“Saving life is often saving souls, John. Next time I go that way every man at Zavala’s ranche and every man in Granger’s camp will listen to me. I shall then have a greater danger than red men to tell them of. But they know both my rifle and my words are true, and when I say to them, ‘Boys, there’s hell and heaven right in your path, and your next step may plunge you into the fiery gulf, or open to you the golden gates,’ they’ll listen to me, and they’ll believe me. John, it takes a soldier to preach to soldiers, and a saved sinner to know how to save other sinners.”
“And if report is not unjust,” said Richard, “you will find plenty of great sinners in such circuits as you take.”
“Sir, you’ll find sinners, great sinners, everywhere. I acknowledge that Texas has been made a kind of receptacle for men too wicked to live among their fellows. I often come upon these wild, carrion jail-birds. I know them a hundred yards off. It is a great thing, every way, that they come here. God be thanked! Texas has nothing to fear from them. In the first place, though the atmosphere of crime is polluting in a large city, it infects nobody here. I tell you, sir, the murderer on a Texas prairie is miserable. There is nothing so terrible to him as this freedom and loneliness, in which he is always in the company of his outraged conscience, which drives him hither and thither, and gives him no rest. For I tell you, that murderers don’t willingly meet together, not even over the whisky bottle. They know each other, and shun each other. Well, sir, this subject touches me warmly at present, for I am just come from the death-bed of such a man. I have been with him three days. You remember Bob Black, John?”
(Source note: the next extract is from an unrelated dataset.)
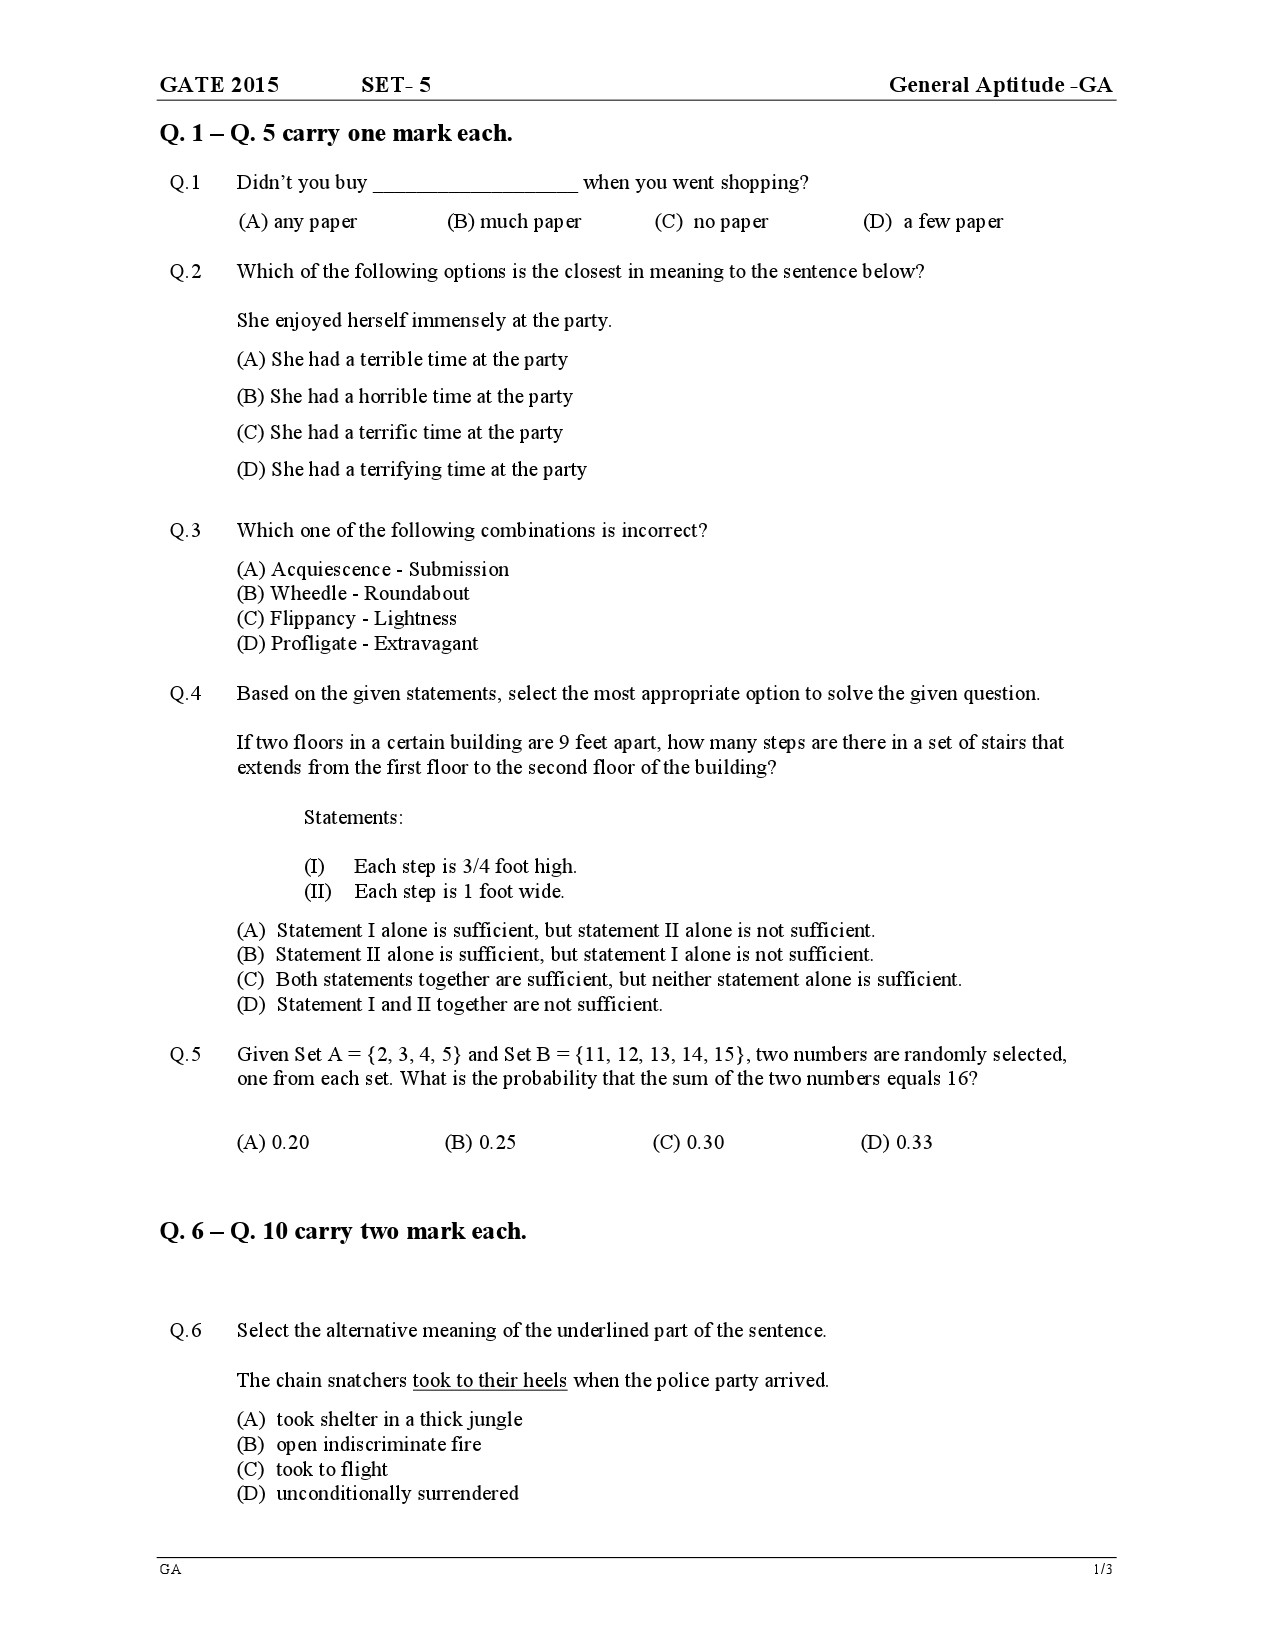 GATE Exam Question Paper 2015 General Aptitude 9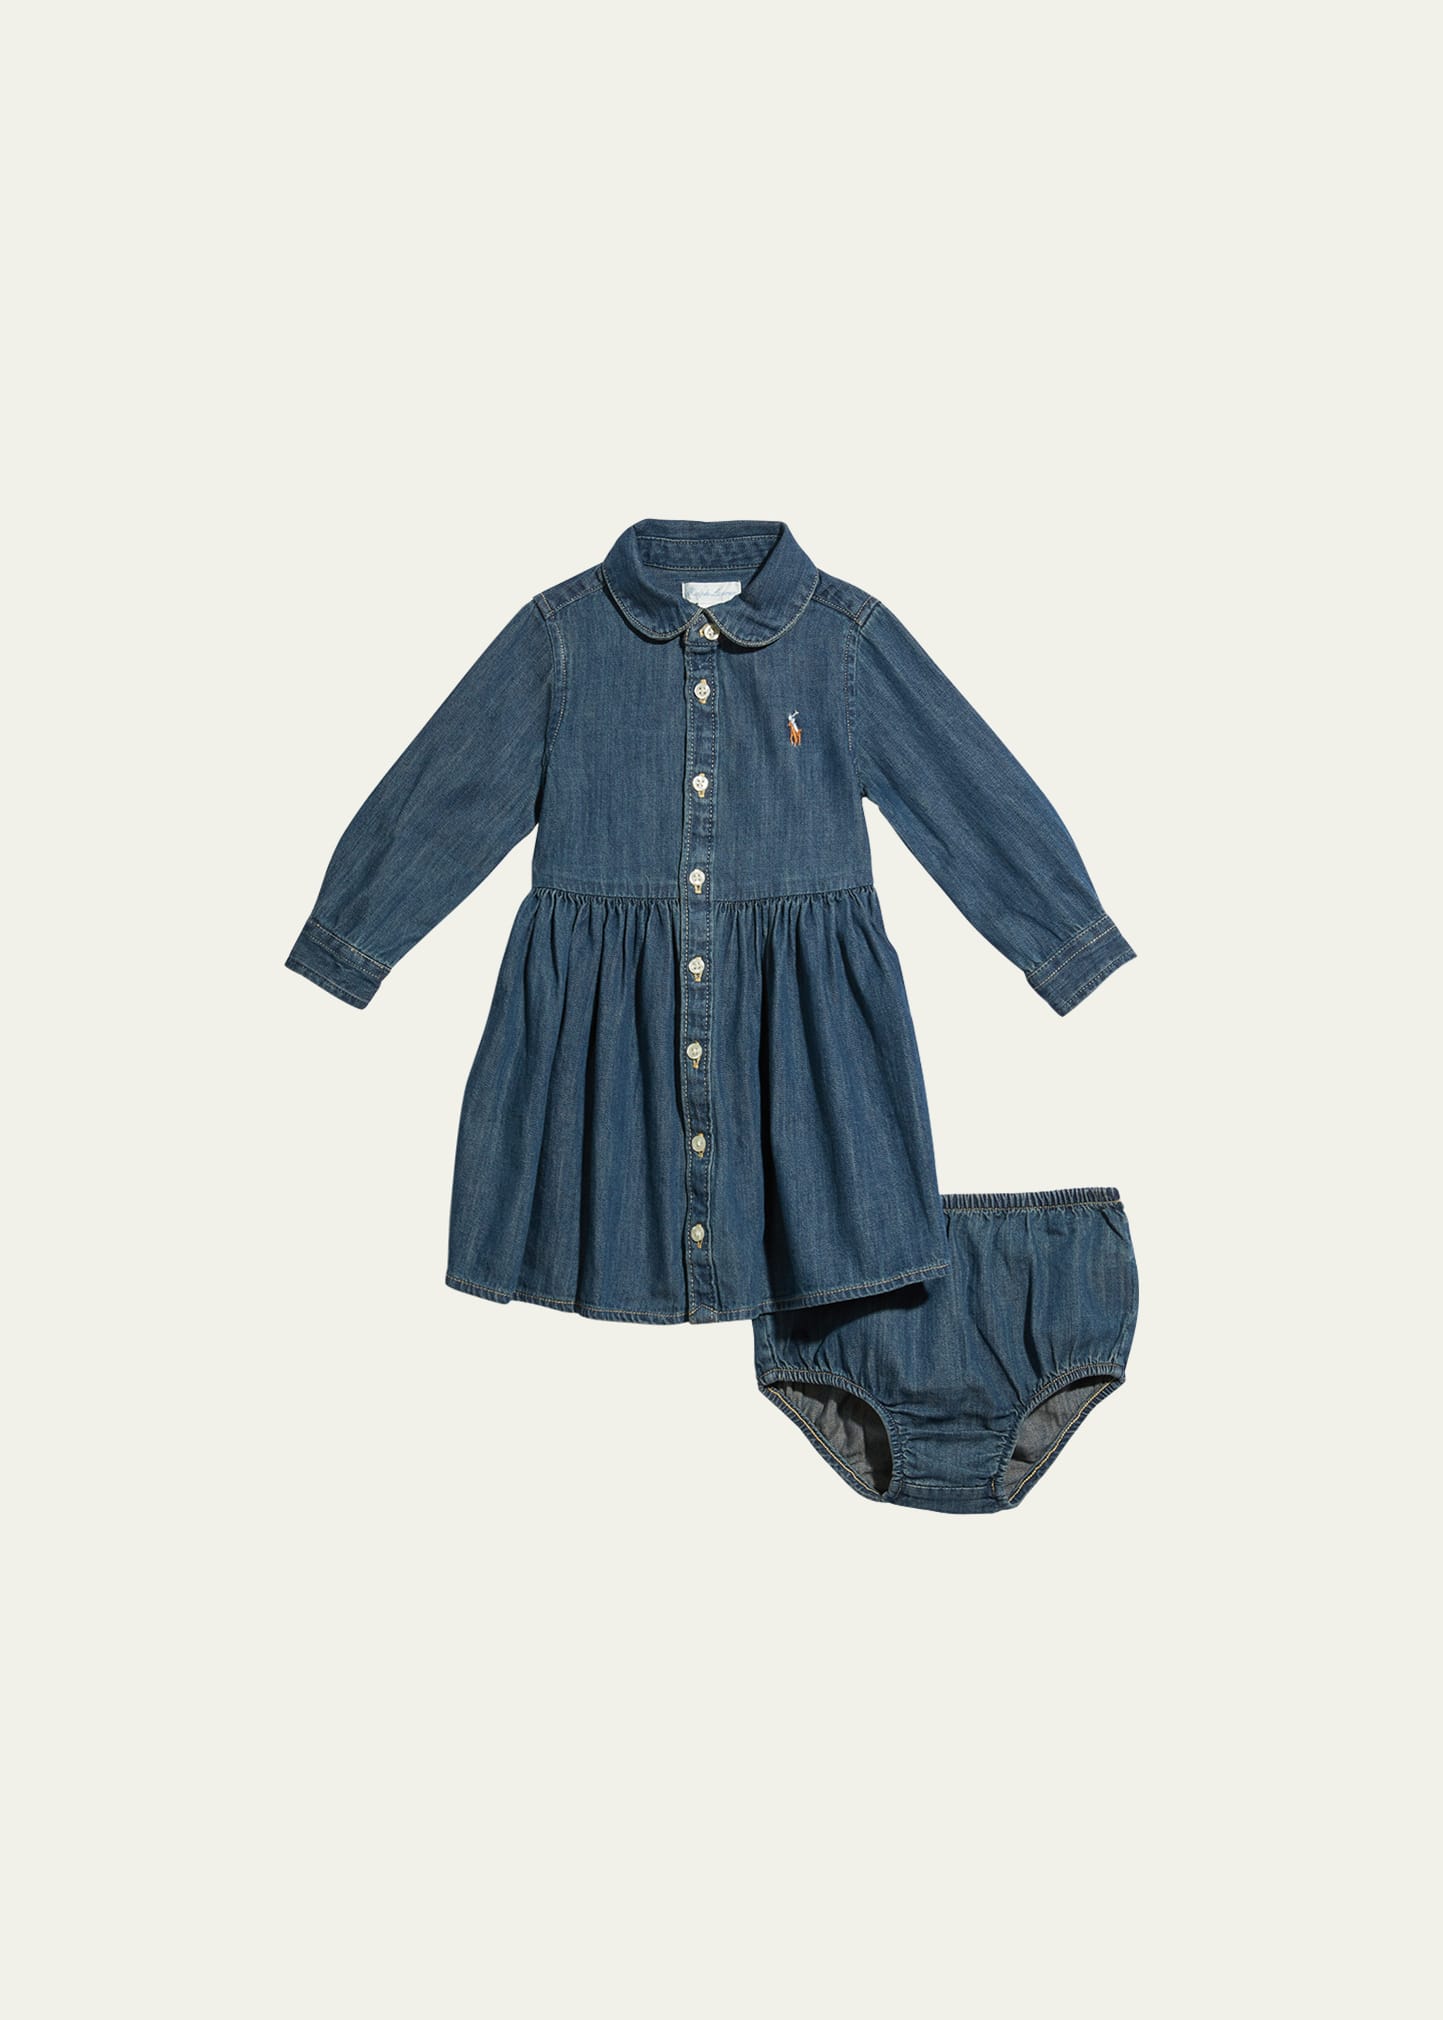 Ralph Lauren Kids' Girl's Belted Fit-and-flare Denim Shirtdress In Indigo

“Yes. A man who seldom spoke, and whom no one liked. A good soldier, though. I don’t believe he knew the meaning of fear.”
“Didn’t he? I have seen him sweat with terror. He has come to me more dead than alive, clung to my arms like a child, begged me to stand between him and the shapes that followed him.”
“Drunk?”
“No, sir. I don’t think he ever tasted liquor; but he was a haunted man! He had been a sixfold murderer, and his victims made life a terror to him.”
“How do you account for that?”
“We have a spiritual body, and we have a natural body. When it pleases the Almighty, he opens the eyes and ears of our spiritual body, either for comfort, or advice, or punishment. This criminal saw things and heard words no mortal eyes have perceived, nor mortal ears understood. The man was haunted: I cannot doubt it.”
“I believe what you say,” said Elizabeth, solemnly, “for I have heard, and I have seen.”